• _Work item_: Pictures are to be left out; every line from the one that holds "Space Corgi Pillow Cover" to the end of the data is to be retyped exactly.

Collected material below:

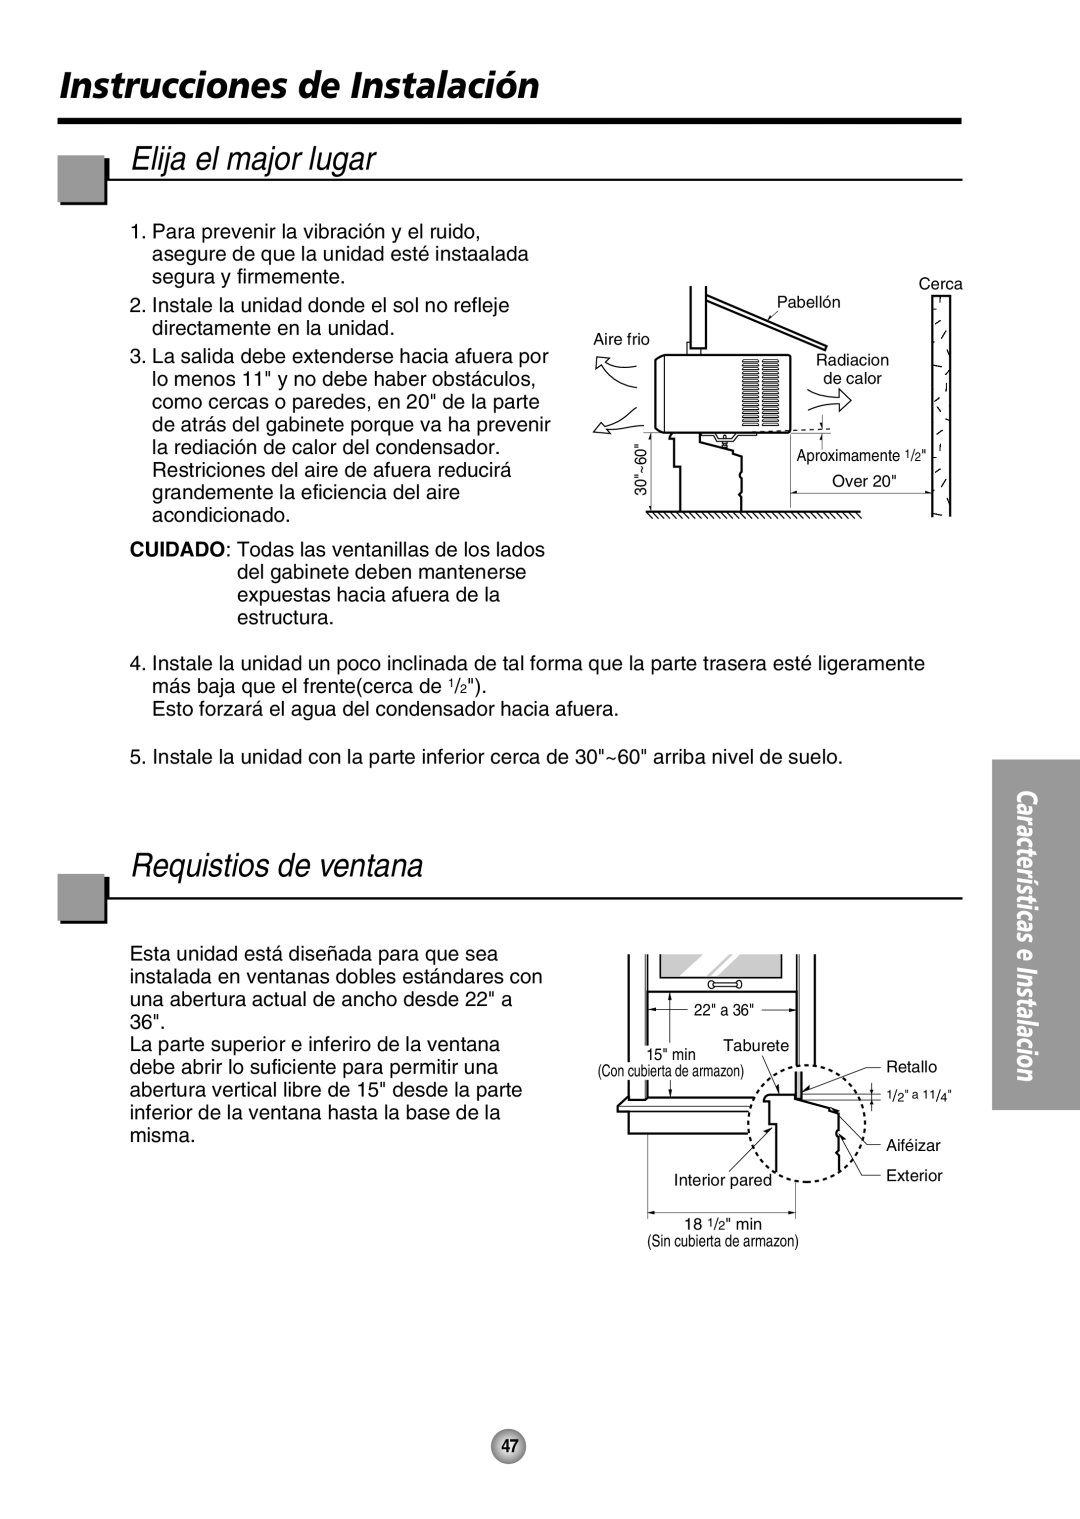 Panasonic CW-XC64HU manual Instrucciones de Instalación, Elija el major lugar, Requistios de ventana 
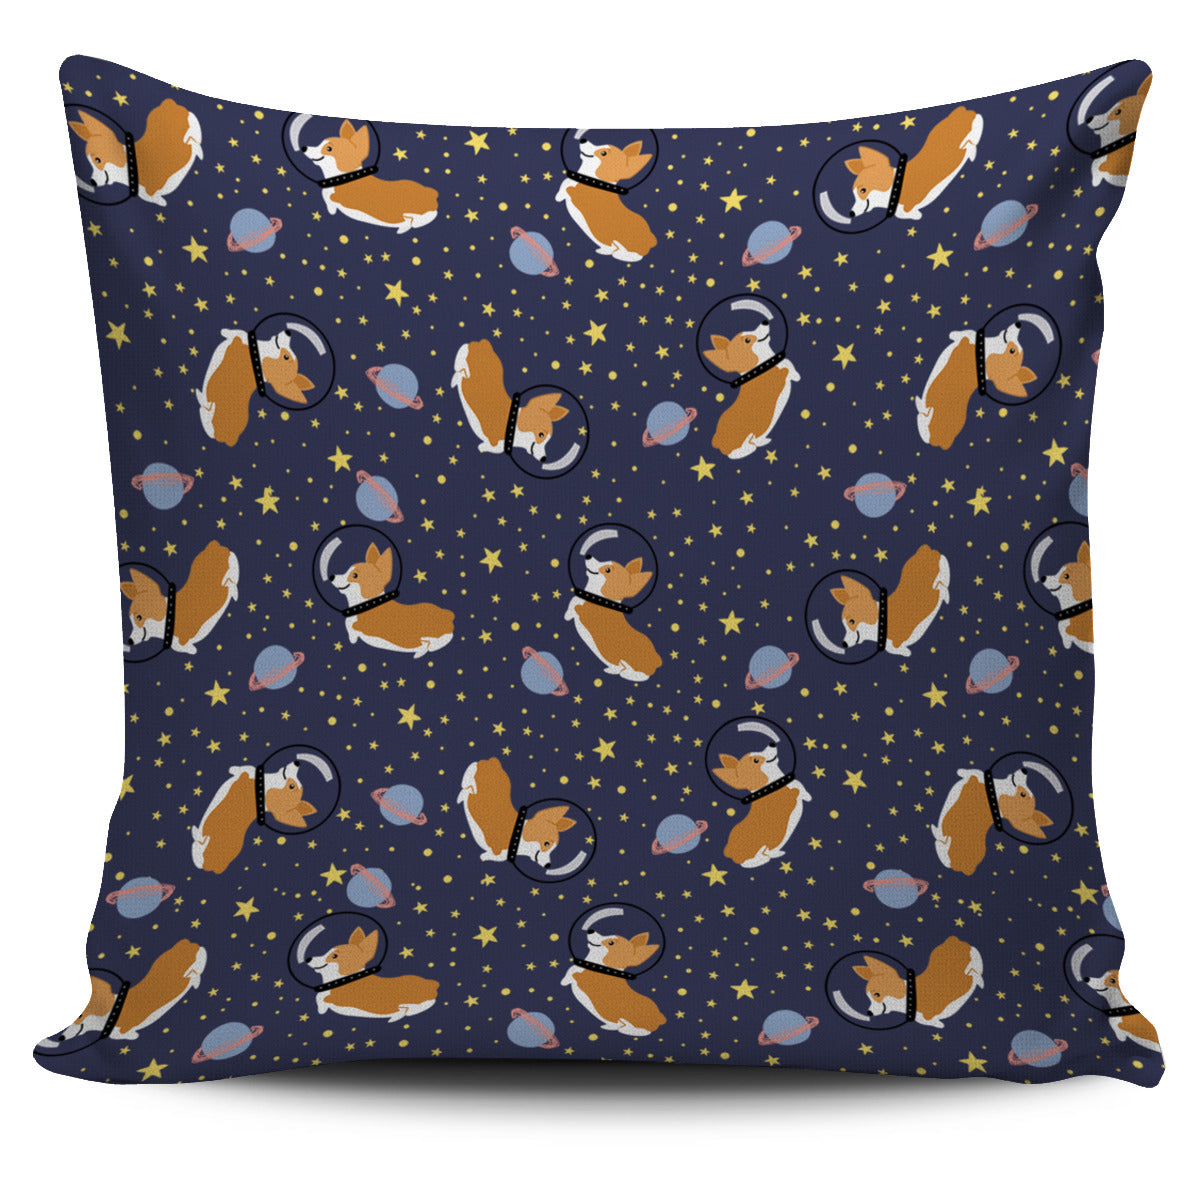 Space Corgi Pillow Cover
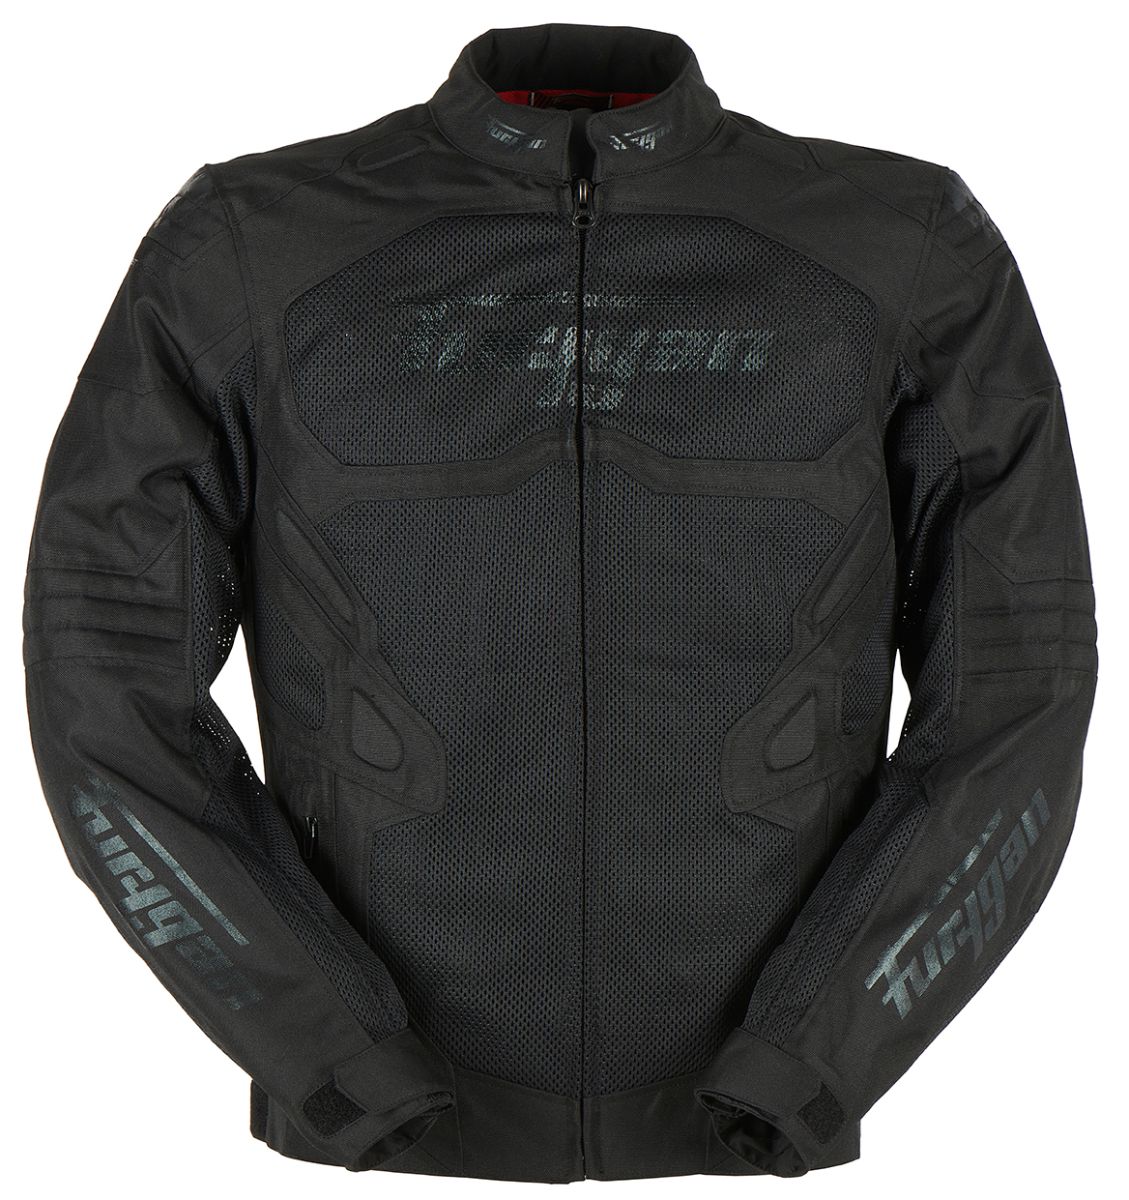 Image of Furygan Atom Vented Evo Jacket Black Size S EN

End of Collected material.

• _Written answer_:
 Space Corgi Pillow Cover
 Image of Furygan Atom Vented Evo Jacket Black Size S EN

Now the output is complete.